Linear and branched aliphatic appendages were installed to determine the subtle differences between Hsp90α and Hsp90β. The construction of 20a–h was achieved by treating 15 with readily available Grignard reagents 19a–h (Scheme 4).15 Similarly, 20i was constructed with allylmagnesium bromide. 19j was constrained via a propargyl ether to produce 20j, which orients the ether toward the solvent channel for interactions with Asn51 and Phe138. Compound 21 was produced upon treatment of 20h with osmium tetroxide and sodium metaperiodate followed by reduction with sodium cyanoborohydride.

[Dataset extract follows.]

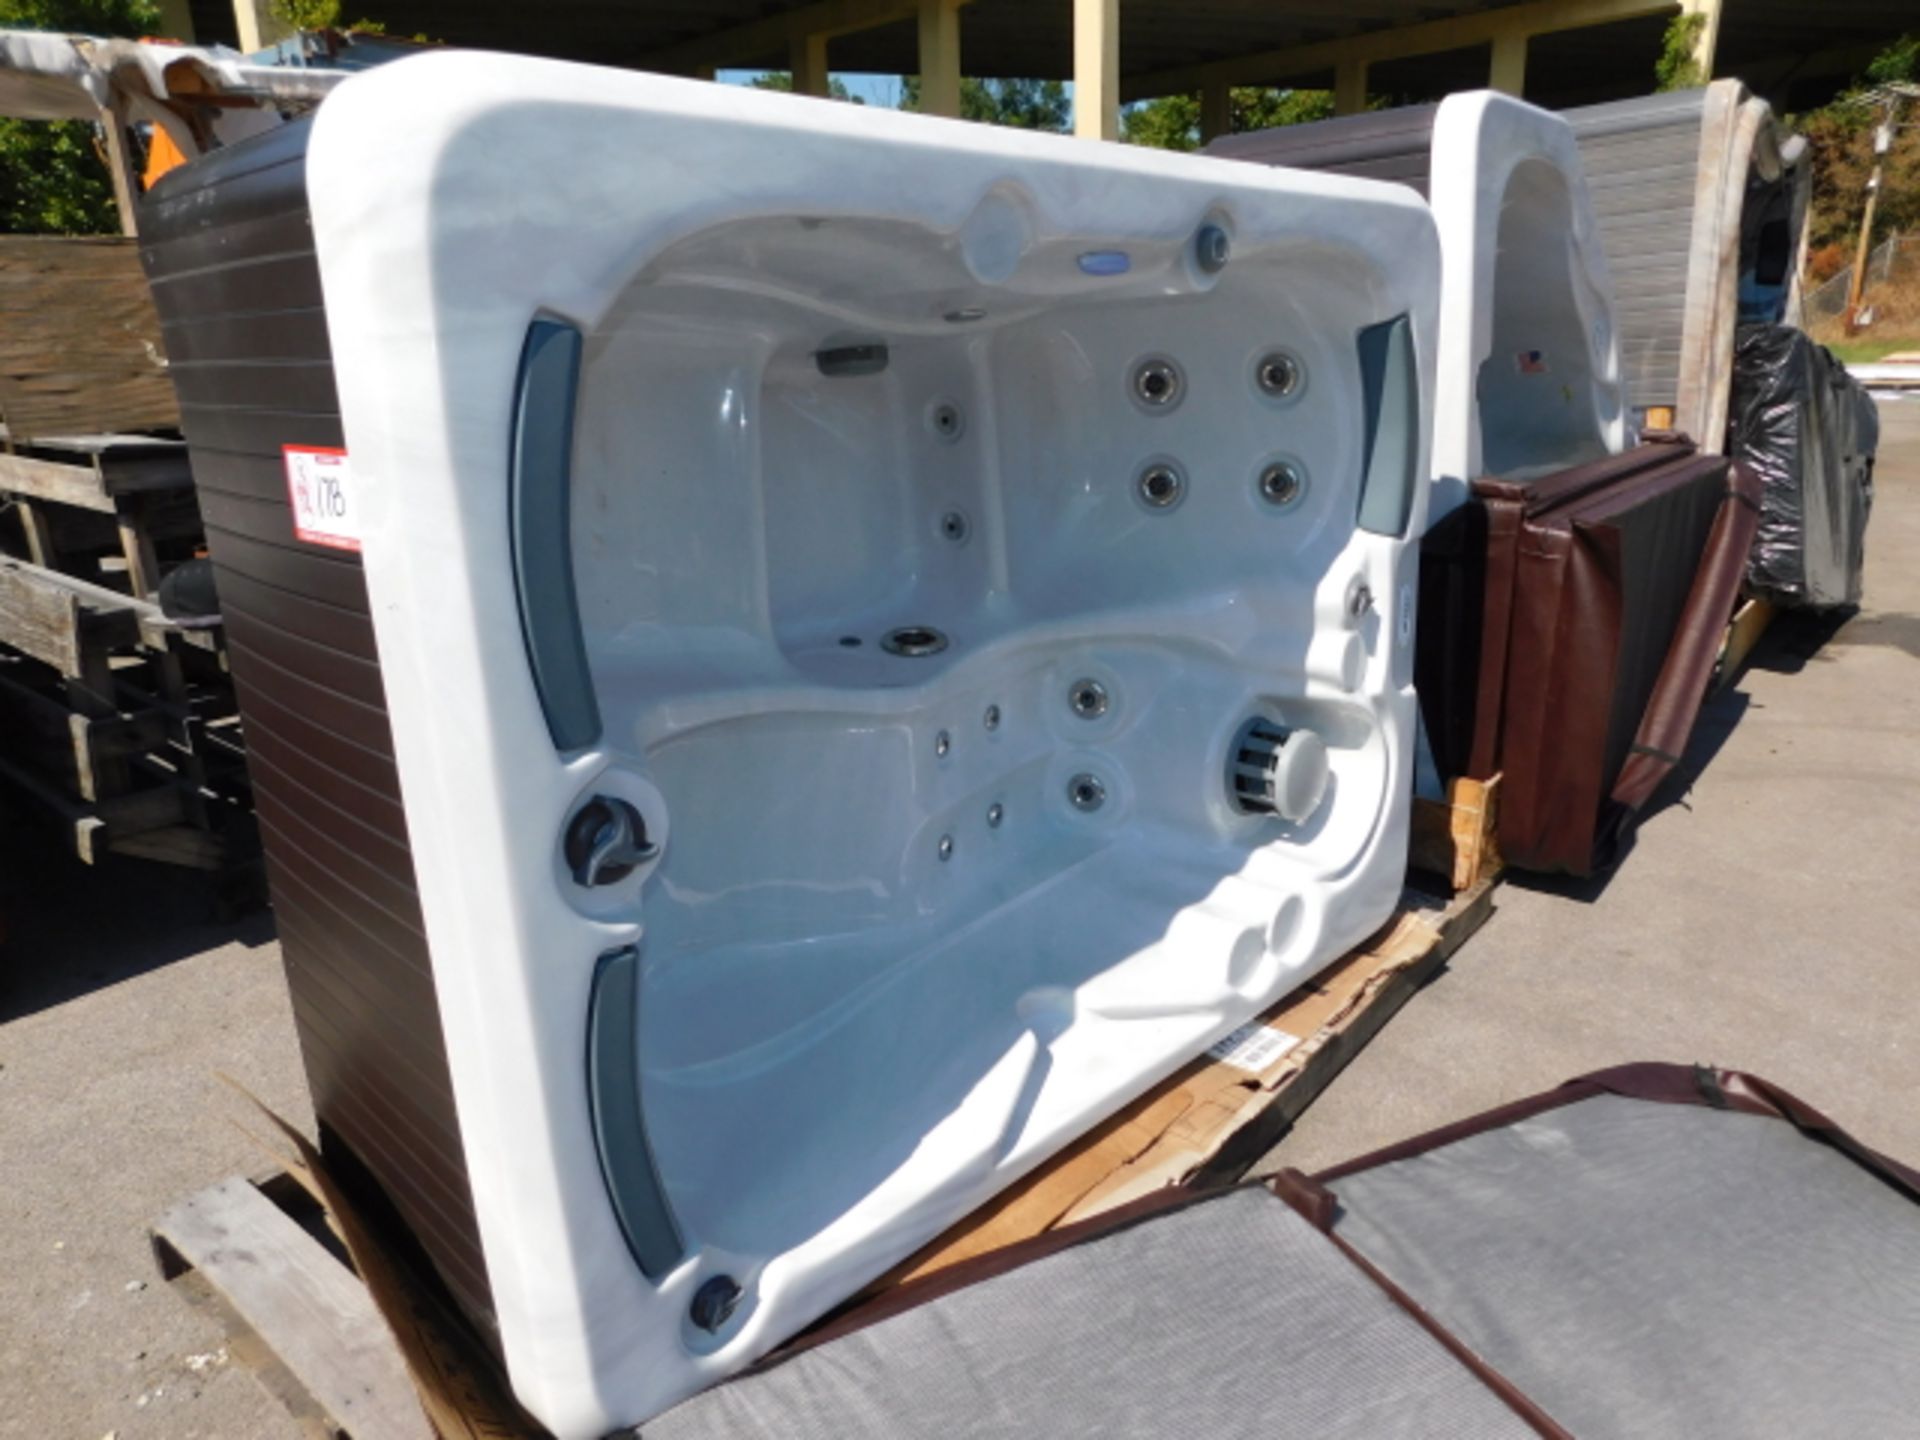 Hudson Bay HG38 - 3 person hot tub with 1 lounger (minor cosmetic and frame damage)

Scheme 4. Synthesis of 20a–k and 21.
Conditions: (a) RMgBr, THF, 80 °C, 55–77%; (b) allylmagnesium bromide, −20 °C, 50%; (c) ethymagnesium bromide, methyl propargyl ether, 58%; (d) OsO4, NMO; (e) NaBH3CN, 62%.
The n-propyl derivative 20a maintained similar affinity as 16, which led to evaluation of the related n-butyl analogue 20b (Table 3). Surprisingly, 20b manifested an ∼3-fold improvement in binding affinity, but the selectivity against Hsp90β remained unchanged (∼13-fold). Extension to an n-pentyl moiety (20c) resulted in a minor loss of affinity. Collectively, the data obtained from isopropyl compounds 20d–f suggest that branching adjacent to the tertiary alcohol is not well-tolerated. Therefore, the pocket was further explored via a methoxy group (20g) and a terminal alcohol (21) to mimic water that is present in the channel. Methoxy-containing compound 20g manifested an ∼3-fold loss in affinity compared to n-butyl analogue 20b, whereas alcohol 21 manifested an ∼24-fold loss in affinity. These results suggest that the unprotected alcohol in 21 interacts with solvent molecules via enthalpic interactions, whereas the methoxy analogue 20 appears to displace solvent from the binding site, which leads to an increase in entropy. Ether 20j exhibited an improved affinity (IC50 ≈ 45 nM), but the selectivity for Hsp90α remained unaffected. Introduction of a terminal alkene in 20h and 20i produced compounds that manifested decreased affinity, suggesting that the alkene is disfavored because of its rigidity. Compounds 20a–j and 21 revealed that alkylation of the tertiary alcohol produces compounds that manifest improved affinity. Except for allyl derivative 20i, the selectivity for Hsp90α versus Hsp90β ranged between ∼5- and 10-fold, suggesting that modification to this region drives affinity but not selectivity.
Table 3. Binding Affinities and Selectivities for Hsp90α > Hsp90β Obtained by FP Assay.
| IC50 (μM)a |
|||
|---|---|---|---|
| compd | Hsp90α | Hsp90β | fold selectivity |
| 20a | 0.480 ± 0.05 | 4.57 ± 0.07 | ∼10 |
| 20b | 0.184 ± 0.02 | 2.40 ± 0.39 | ∼13 |
| 20c | 0.229 ± 0.01 | 2.07 ± 0.08 | ∼8 |
| 20d | 11.81 ± 0.87 | >50 | >5 |
| 20e | 4.60 ± 0.87 | >50 | ∼10 |
| 20f | 0.596 ± 0.03 | 5.16 | ∼10 |
| 20g | 0.447 ± 0.02 | 4.98 ± 0.29 | ∼10 |
| 20h | 2.49 ± 0.25 | 30.5 ± 2.3 | ∼12 |
| 20i | 2.22 ± 0.21 | >50 | ∼21 |
| 20j | 0.045 ± 0.02 | 0.426 ± 0.07 | ∼10 |
| 21 | 3.71 ± 0.25 | 17.94 ± 2.80 | ∼5 |
IC50 values are reported as the mean of triplicates ± SD.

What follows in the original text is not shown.